Após estrear filme, Alceu Valença lança DVD sinfônico 'Valencianas'
Cada vez mais multimídia, cantor pernambucano finaliza ainda livro de poesia que lançará em Portugal
No interior do agreste pernambucano, na cidade de São Bento do Una, nos anos 1950, um menino teve seu primeiro contato com a música. E essa aproximação ocorreu não com os registros sonoros gravados em disco, mas através da melodia viva da rua.

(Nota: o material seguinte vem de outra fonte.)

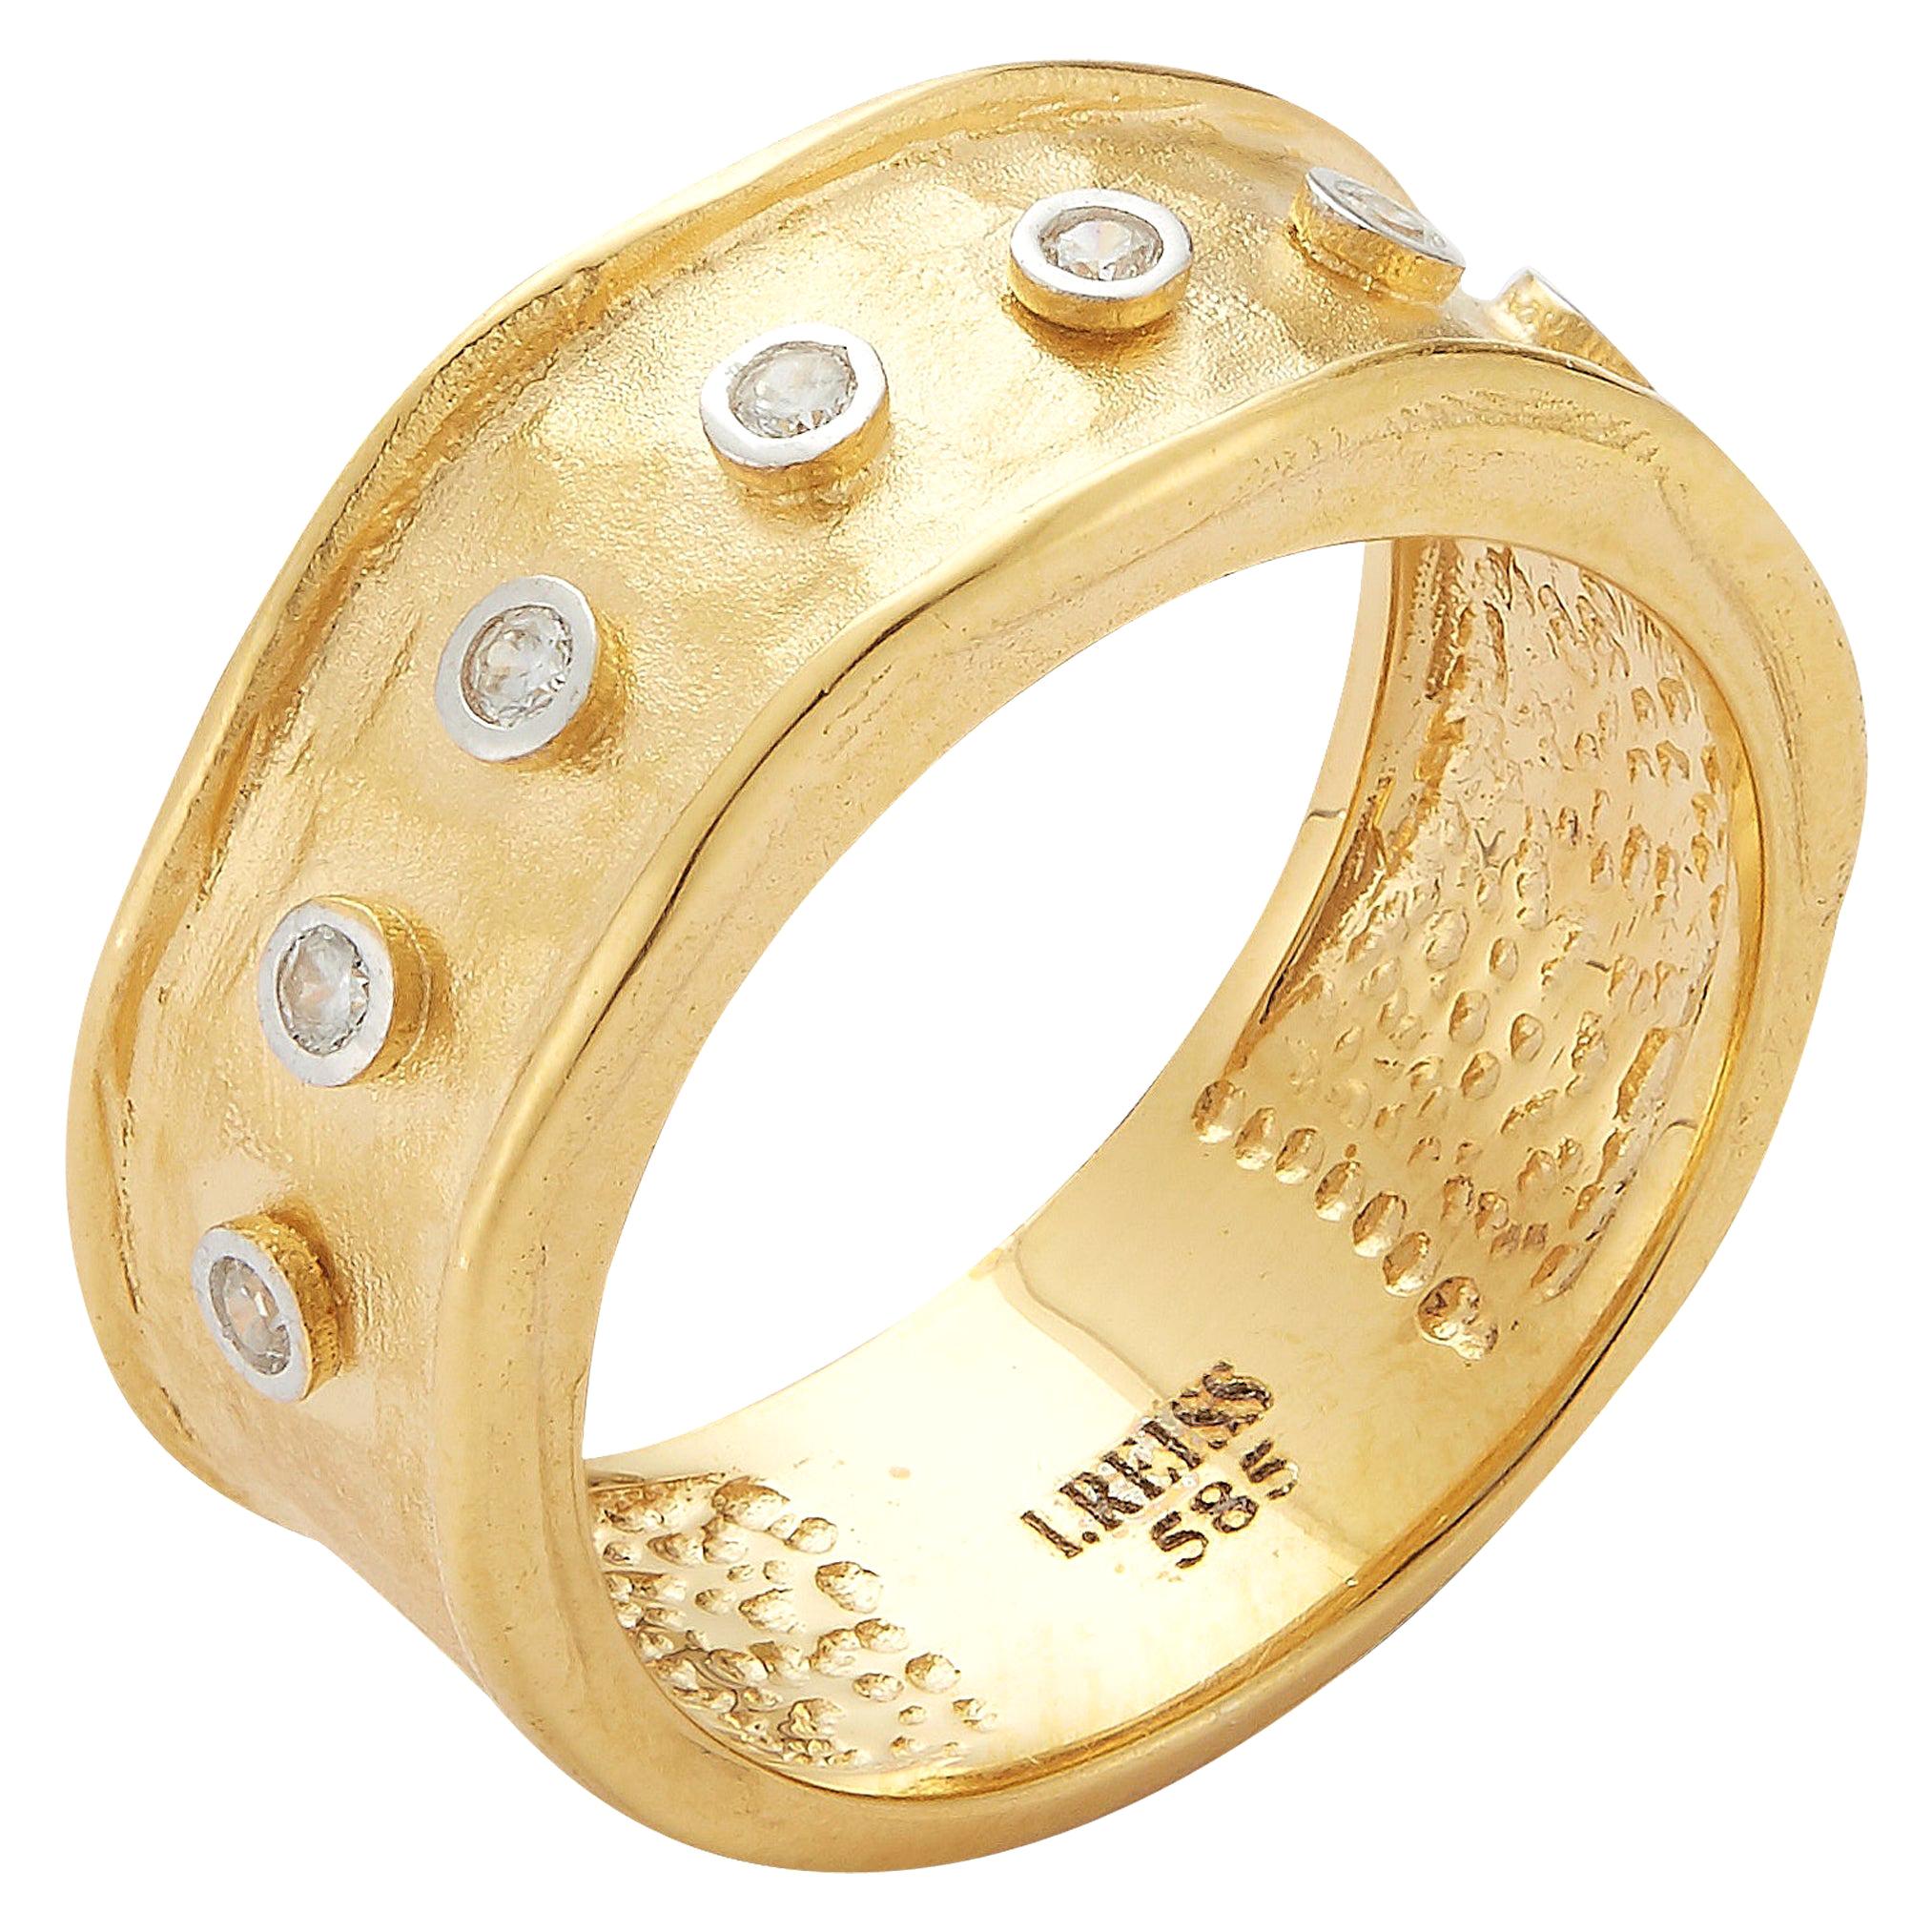 Handgefertigte, schmale, gehämmerte Ringe aus 14 Karat Gelbgold mit Diamanten in der Lünette

Os cantos e cantigas do sertão — a voz dos cordelistas, dos aboiadores, dos cantadores — se tornariam a força motriz responsável por forjar a obra de um dos artistas mais conhecidos do Brasil.
— Era o som do povo. Luiz Gonzaga, quando entra na minha formação, já era um reflexo do som secular que eu estava ouvindo — conta Alceu Valença.
Seis décadas depois, suas canções, nascidas da caldeirada musical que o nutriu na infância, sai do descompromisso das praças para a solenidade de um palco de concerto. Lançados recentemente, o CD e o DVD “Valencianas” (Deckdisc), gravados ao vivo, com a Orquestra de Ouro Preto, no Grande Teatro do Palácio das Artes, em Belo Horizonte, apresentam um resumo de seu repertório em roupagem orquestral.
— Se pensarmos na formação do músico de concerto, estamos acostumados com a escola europeia de aprendizagem. Se você pega uma música e fala que é um allegro, ele vai entender. Se falarmos que é um maracatu, já não pega de primeira — explica o regente da orquestra, Rodrigo Toffolo. — O Alceu trouxe uma série de ritmos e uma brasilidade muito fortes. E essa é uma contribuição muito importante na formação dos músicos.
Apesar da união entre música erudita e popular não ser novidade, o desafio do projeto está justamente na multiplicidade do cancioneiro de Alceu, que desfila por frevo, maracatu, xote e até bossa. Assim, 40 anos de carreira se transformam em 14 faixas, que abrangem números como “La belle de jour”, “Ladeiras”, “Sete desejos” e “Tropicana”. Uma delas, a suíte de três movimentos “Abertura Valenciana”, escrita pelo violinista Mateus Freire — que escreveu todos os arranjos do disco —, é prelúdio para a entrada no mundo do cantor.
— O Mateus é um compositor paraibano de 27 anos. Ele cresceu nessa veia armorial. A construção é um passeio por vários gêneros, e explode no final com a melodia de “Anunciação” — diz Toffolo.
Além dos 30 músicos da orquestra, Alceu foi acompanhado por uma banda formada por baixo elétrico, bateria, guitarra e percussão. A receita sonora ainda tem rabeca, sanfona, triângulo, copos de cristal e um serrote.
— A grande inovação das valencianas é a inversão da estrutura. Quem comanda as ações é a orquestra, não a banda — conta Toffolo. — Alceu era o solista, como um violinista ou pianista.
Para Alceu, essa confluência de timbres e sons foi um processo bastante natural.
— Esses instrumentos estavam todos em meu universo. O berimbau pernambucano, que é o berimbau de bacia, e a rabeca. O primo de meu avô, tio Juventino, tocava sanfona de oito baixos. E quando alguém toca esse tipo de sanfona, outra pessoa toca a zabumba — explica o cantor.
“O poeta da madrugada”
Em um ano cheio de lançamentos — o disco carnavalesco “Amigo da arte”, a estreia como cineasta com “A luneta do tempo”, no Festival de Gramado, e o primeiro single do projeto “As estações de Alceu Valença” —, o músico não para com “Valencianas”. Em agosto, fechou contrato com a editora portuguesa Chiado para lançar seu primeiro livro, com o título provisório de “O poeta da madrugada”, em Portugal (ainda sem previsão para lançar ao Brasil).
— O livro deve sair lá em janeiro. A ideia é colocar versos que escrevi no sertão, em Recife... Tem poemas que fiz para as cidades, além de letras de músicas — diz.
Aos 68 anos, aposentadoria é uma palavra distante para Alceu.
— Artista não se aposenta porque o palco é vitamina e analgésico.